For some reason, trying to import the data loading code using `from tornet.data.tf.loader` wasn't working as expected,
so we re-copy that code over here to make use of it.
"""
from typing import List, Dict

from tornet.data.loader import query_catalog, read_file
from tornet.data.constants import ALL_VARIABLES
from tornet.data import preprocess as pp

def create_tf_dataset(files:str,
                      variables: List[str]=ALL_VARIABLES,
                      n_frames:int=1,
                      tilt_last: bool=True) -> tf.data.Dataset:
    """
    Creates a TF dataset object via the function read_file.   
    This dataset is somewhat slow because of the use of 
    tf.data.dataset.from_generator.  It is recommended to
    use this only as a means to call ds.save() to create a 
    much faster copy of the dataset.
    """
    assert len(files)>0
    # grab one file to gets keys, shapes, etc
    data = read_file(files[0],variables=variables,n_frames=n_frames, tilt_last=tilt_last)
    
    output_signature = { k:tf.TensorSpec(shape=data[k].shape,dtype=data[k].dtype,name=k) for k in data }
    def gen():
        for f in files:
            yield read_file(f,variables=variables,n_frames=n_frames, tilt_last=tilt_last)
    ds = tf.data.Dataset.from_generator(gen,
                                        output_signature=output_signature)
    return ds
    

def shard_function(data: tf.Tensor) -> np.int64:
    """
    Function that "shards" the data in tf.data.Dataset.save().
    This transforms time stamp into a np.int64 between 0,..,9.
    This is optional and may make loading faster by utilizing more CPUs.
    
    """
    x = (data['time'][0]//10) % 10 # uses tens digit of epoch time for shard index
    if x % 10 == 0:
        return np.int64(0)
    elif x % 10 == 1:
        return np.int64(1)
    elif x % 10 == 2:
        return np.int64(2)
    elif x % 10 == 3:
        return np.int64(3)
    elif x % 10 == 4:
        return np.int64(4)
    elif x % 10 == 5:
        return np.int64(5)
    elif x % 10 == 6:
        return np.int64(6)
    elif x % 10 == 7:
        return np.int64(7)
    elif x % 10 == 8:
        return np.int64(8)
    elif x % 10 == 9:
        return np.int64(9)
    else:
        return np.int64(0)



def make_tf_loader(data_root: str, 
            data_type:str='train', # or 'test'
            years: list=list(range(2013,2023)),
            batch_size: int=128, 
            weights: Dict=None,
            include_az: bool=False,
            random_state:int=1234,
            select_keys: list=None,
            tilt_last: bool=True,
            from_tfds: bool=False,
            tfds_data_version: str='1.1.0'):
    """
    Initializes tf.data Dataset for training CNN Tornet baseline.

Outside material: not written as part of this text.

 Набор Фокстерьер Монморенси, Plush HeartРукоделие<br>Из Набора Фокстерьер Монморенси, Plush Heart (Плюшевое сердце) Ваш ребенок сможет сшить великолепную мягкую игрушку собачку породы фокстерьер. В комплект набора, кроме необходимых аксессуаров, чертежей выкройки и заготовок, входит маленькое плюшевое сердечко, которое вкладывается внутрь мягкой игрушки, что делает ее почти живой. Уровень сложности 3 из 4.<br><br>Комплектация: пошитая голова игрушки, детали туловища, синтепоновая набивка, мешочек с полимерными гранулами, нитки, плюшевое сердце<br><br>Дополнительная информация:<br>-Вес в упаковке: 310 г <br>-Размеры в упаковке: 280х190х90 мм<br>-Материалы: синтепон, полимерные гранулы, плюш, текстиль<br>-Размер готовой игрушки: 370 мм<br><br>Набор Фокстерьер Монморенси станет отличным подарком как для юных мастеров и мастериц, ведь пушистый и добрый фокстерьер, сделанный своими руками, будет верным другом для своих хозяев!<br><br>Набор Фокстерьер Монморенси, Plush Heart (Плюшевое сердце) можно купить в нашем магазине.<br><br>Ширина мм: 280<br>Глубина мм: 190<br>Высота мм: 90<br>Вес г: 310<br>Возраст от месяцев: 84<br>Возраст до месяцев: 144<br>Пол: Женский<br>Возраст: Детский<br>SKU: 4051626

    data_root - location of TorNet
    data_Type - 'train' or 'test'
    years     - list of years btwn 2013 - 2022 to draw data from
    batch_size - batch size
    weights - optional sample weights, see note below
    include_az - if True, coordinates also contains az field
    random_state - random seed for shuffling files
    select_keys - Only generate a subset of keys from each tornet sample
    tilt_last - If True (default), order of dimensions is left as [batch,azimuth,range,tilt]
                If False, order is permuted to [batch,tilt,azimuth,range]
    from_tfds - Use TFDS data loader, requires this version to be
                built and TFDS_DATA_ROOT to be set.  
                See tornet/data/tdfs/tornet/README.
                If False (default), the basic loader is used
    
    If you leave from_tfds as False, I suggest adding ds=ds.cache( LOCATION ) 
    in the training script to cache the dataset to speed up training times (after epoch 1)
    
    See the DataLoaders.ipynb notebook for details on how to resave TorNet in this way

    weights is optional, if provided must be a dict of the form
      weights={'wN':wN,'w0':w0,'w1':w1,'w2':w2,'wW':wW}
    where wN,w0,w1,w2,wW are numeric weights assigned to random,
    ef0, ef1, ef2+ and warnings samples, respectively.  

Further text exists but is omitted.